その場に居た全員が息を呑み、直後に逃げ出した。
そして、体育教員室のクーラーで涼んでいた担任を呼び出し、俺たちの見たものを説明する。
担任は、「はぁ?お前ら何言ってんの?」という顔をしながら聞いていたが、とりあえず確認するとなり、教員室にあった備え付けの懐中電灯を持って舞台下へと一緒に向かう。
担任が舞台下に入ってから数分後、中から出てくるや、「何かわからんが、とりあえずヤバそうだから掃除は中止だ」という言葉で、その場は解散となった。

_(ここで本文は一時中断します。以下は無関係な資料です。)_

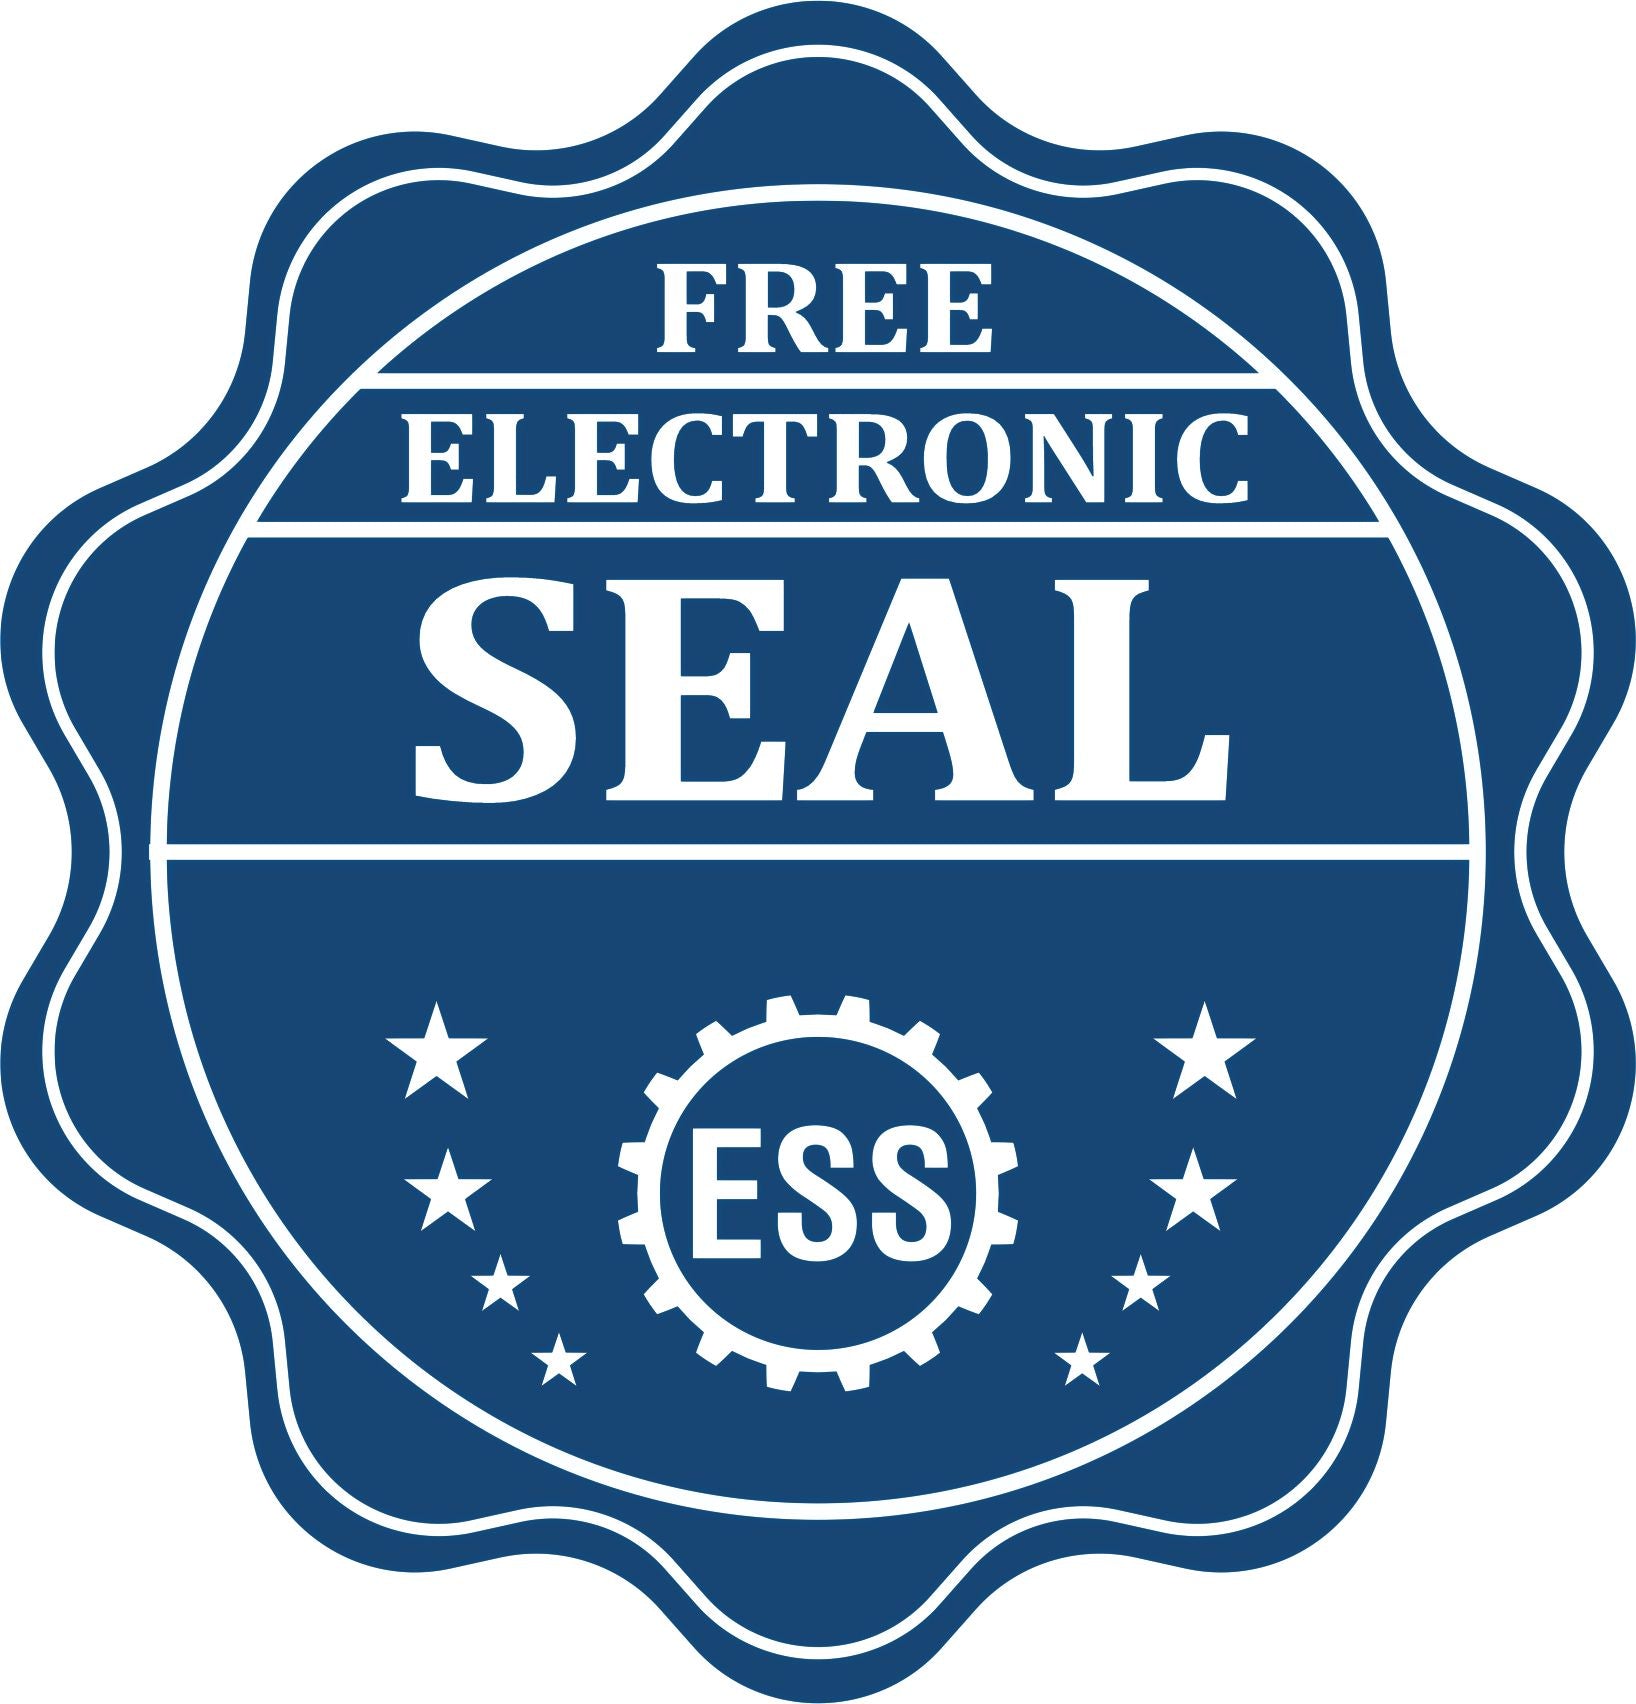 A badge showing a free electronic seal for the Hybrid North Carolina Engineer Seal with stars and the ESS gear on the emblem.

それから約一か月後、夏休み明けのホームルームで担任から説明があった。
結論から言えば、あのマンホールは謎のままだった。
臨時の職員会議が開かれたそうだが、誰もマンホールの存在を知らなかった。
校長を含む数名の教師で再び現場を確認したが、結局は何もわからずじまい。
市役所を始め、電気やガス、水道局などの関係各所に確認するも、「そんな場所にマンホールは設置していない」とのこと。
学校建設当時の工事関係者や地元のご老人方、果ては近所のお寺にも確認したが、全く何もわからなかった。
最終的には、「あの雰囲気も不気味で、薄暗闇の中で10センチもある段差は危ない」ということで、夏休み期間中にマンホールや封印ごとコンクリートで埋めたそうだ。
後日談も特にないが、封印のような御札を踏み付けてしまった江口君は、今も地元で元気にしている。
考察(※参考)
普通に考えれば『枯れ井戸』だろうか?
オカルト思考だと、上を人が行き交う舞台下にそれを置いてあったことに意味があるのかもしれない。
例えば、“犬神を培養していた”とか。
※犬神(いぬがみ)
犬神持ちの家の納戸の箪笥、床の下、水甕(みずがめ)の中に飼われていると説明される。 他の憑き物と同じく、喜怒哀楽の激しい情緒不安定な人間に憑きやすい…(Wikipediaより引用)
逆に、呪物をゆっくりと時間をかけて浄化していたとも考えられる。
よく舞台下のことを「奈落」という。
そう考えると、意味深な一面もあったりするが…。
ただ、この高校の建屋が出来る前は”何に使われていた土地”だったのだろうか。